They went out without further speech into the clear cold night. Henri,

as if from custom, threw his head back and scanned the sky. Then they

went on and crossed into the square.

"The plan," Henri began abruptly, "is this: You will be provided

to-morrow with a passport to Boulogne. You will, if you agree, take the

midnight train for Folkestone. At the railway station here you will

be searched. At Folkestone a board, sitting in an office on the quay,

will examine your passport."

"Does any one in Boulogne speak English?" Sara Lee inquired nervously.
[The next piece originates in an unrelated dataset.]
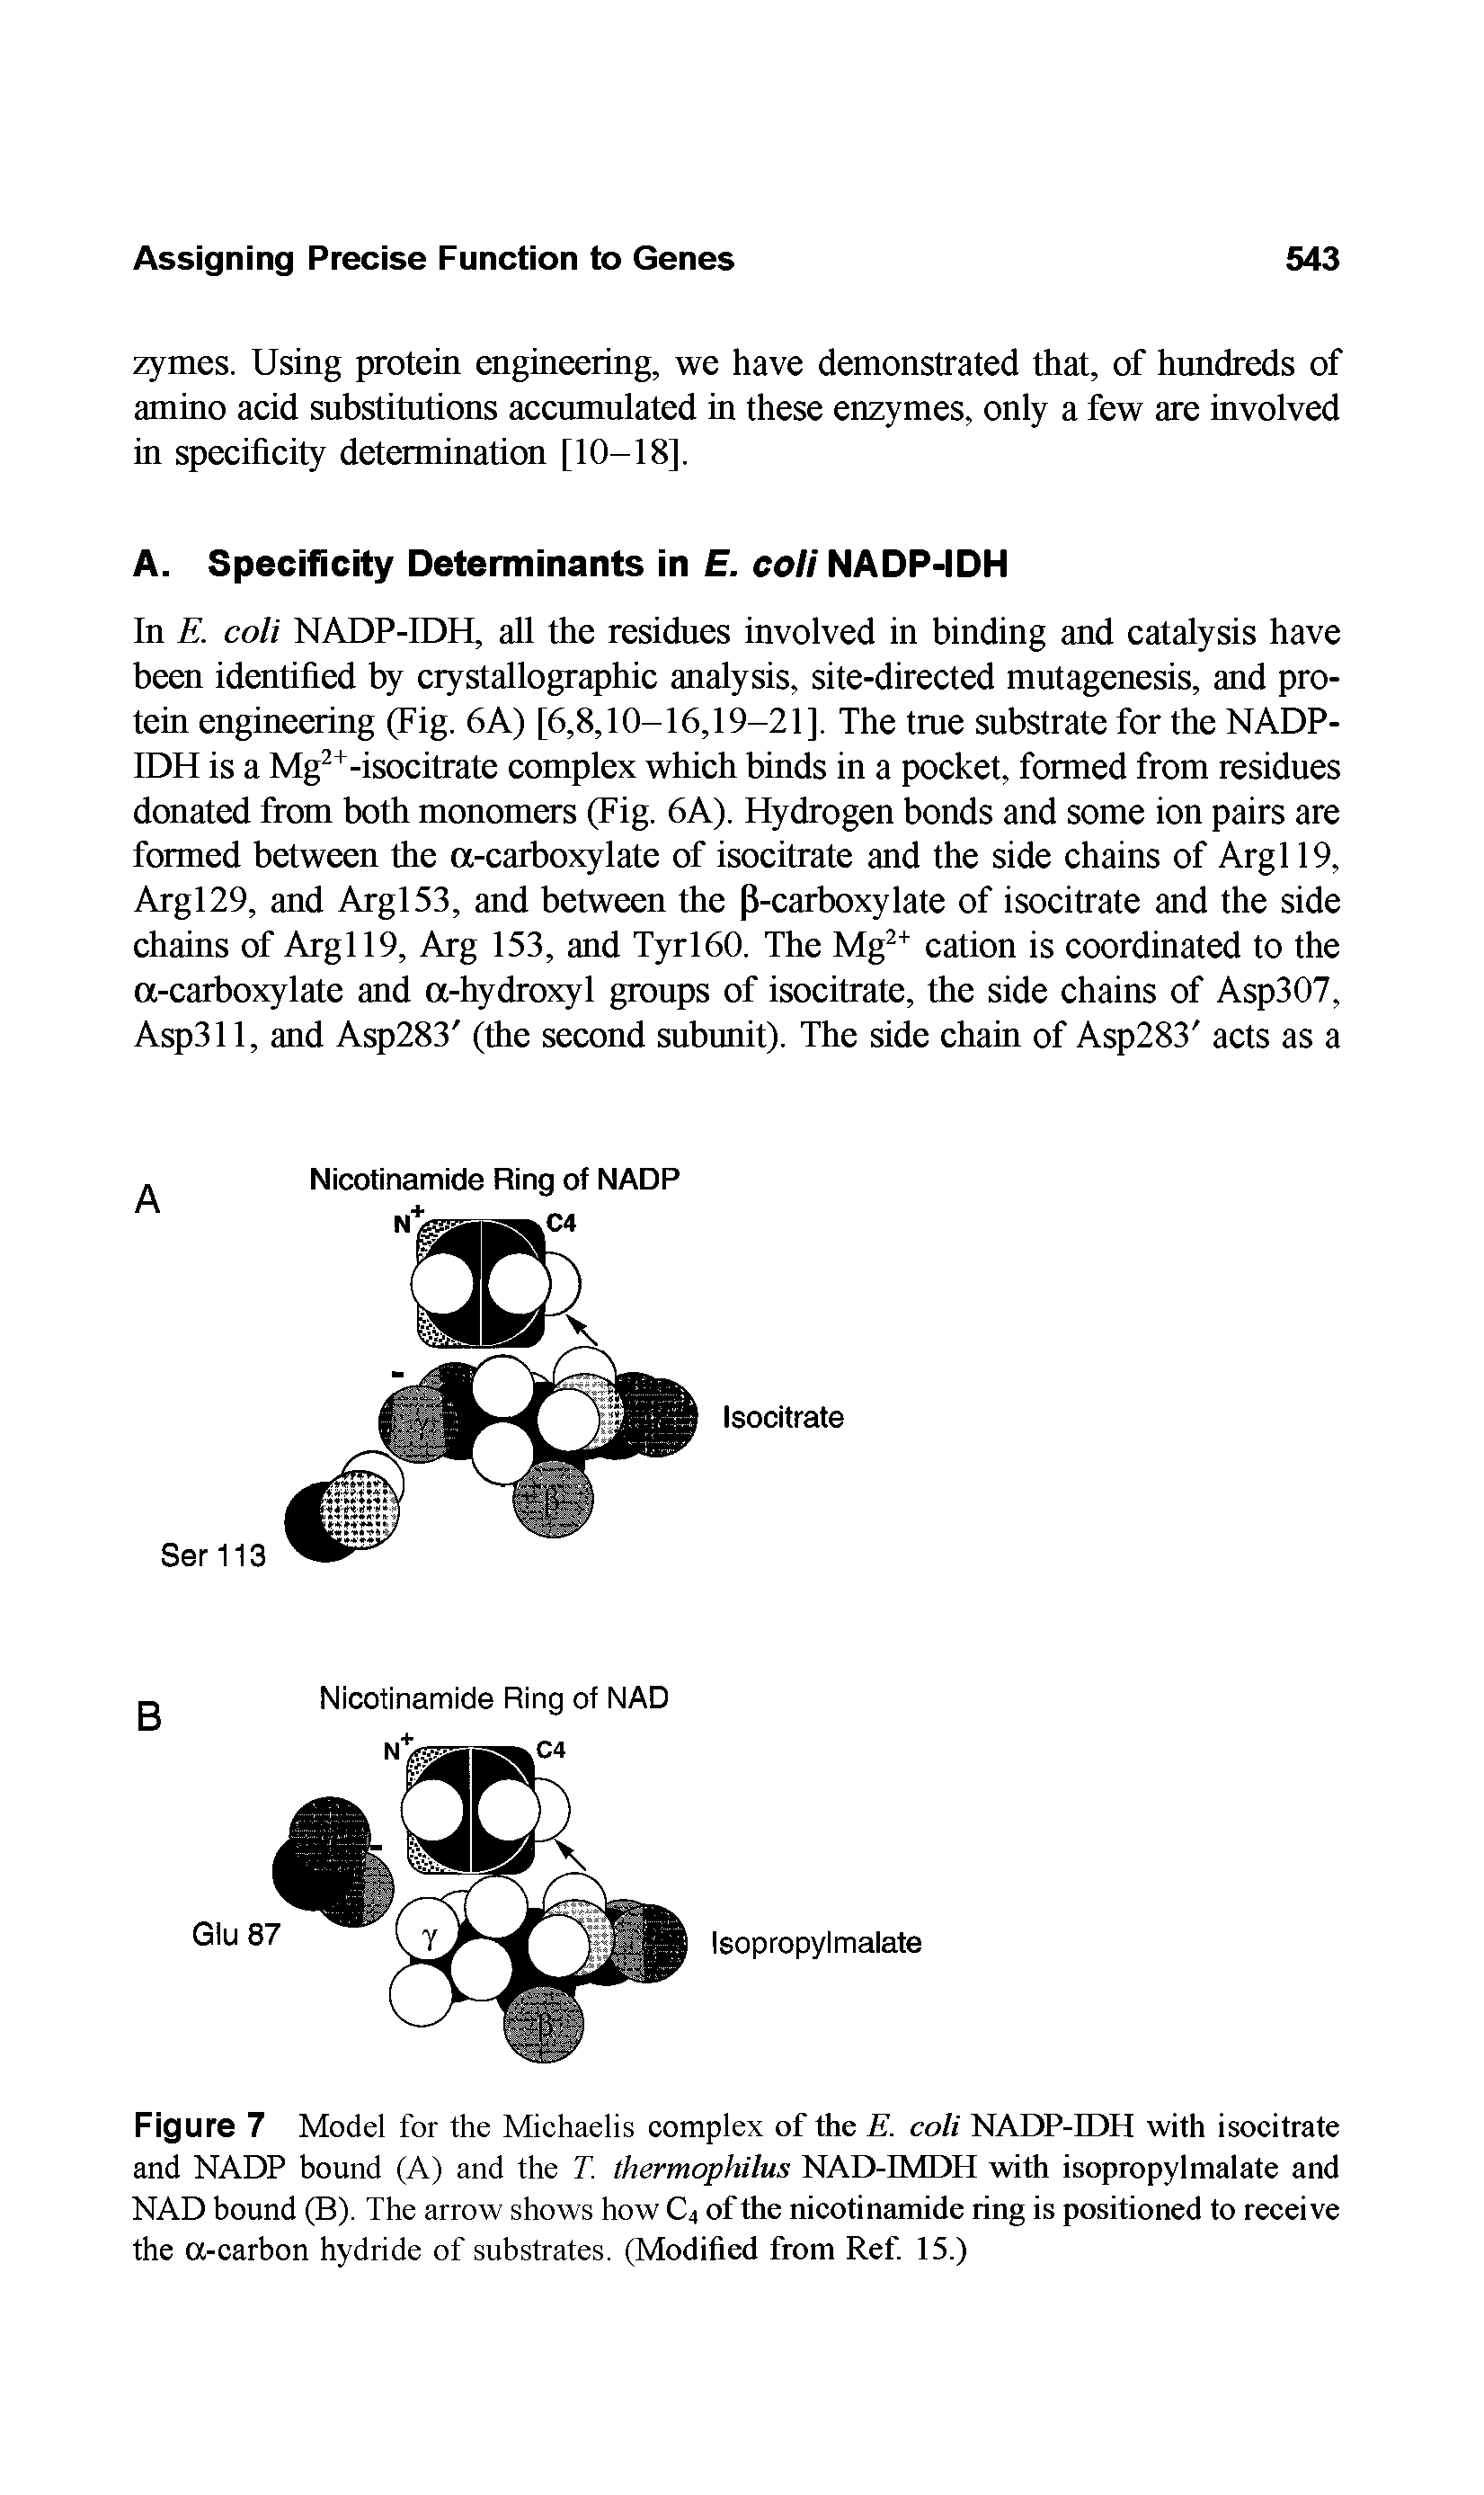 Figure 7 Model for the Michaelis complex of the E. coli NADP-IDH with isocitrate and NADP bound (A) and the T. thermophilus NAD-IMDH with isopropylmalate and NAD bound (B). The arrow shows how C4 of the nicotinamide ring is positioned to receive the a-carbon hydride of substrates. (Modified from Ref. 15.)...

Somehow that babel of French at the Savoy had frightened her. Her

little phrase book seemed pitifully inadequate for the great things

in her mind.

"That hardly matters," said Henri, smiling faintly. "Because I think

you shall not go to Boulogne."

"Not go!" She stopped dead, under the monument, and looked up at him.

"The place for you to go, to start from, is Calais," Henri explained.

He paused, to let pass two lovers, a man in khaki and a girl. "But

Calais is difficult. It is under martial law--a closed city. From

Boulogne to Calais would be perhaps impossible."

Sara Lee was American and her methods were direct.

"How can I get to Calais?"

"Will you take the chance I spoke of?"

"For goodness' sake," said Sara Lee in an exasperated tone, "how can I

tell you until I know what it is?"

Henri told her. He even, standing under a street lamp, drew a small

sketch for her, to make it clear. Sara Lee stood close, watching him,

and some of the lines were not as steady as they might have been. And

in the midst of it he suddenly stopped.

"Do you know what it means?" he demanded.

"Yes, of course."

"And you know what date this is?"

"The eighteenth of February."

But he saw, after all, that she did not entirely understand.

"To-night, this eighteenth of February, the Germans commence a blockade

of this coast. No vessels, if they can prevent them, will leave the

harbors; or if they do, none shall reach the other side!"

"Oh!" said Sara Lee blankly.

"We are eager to do as you wish, mademoiselle. But"--he commenced

slowly to tear up the sketch--"it is too dangerous. You are too young.

If anything should go wrong and I had--No. We will find another way."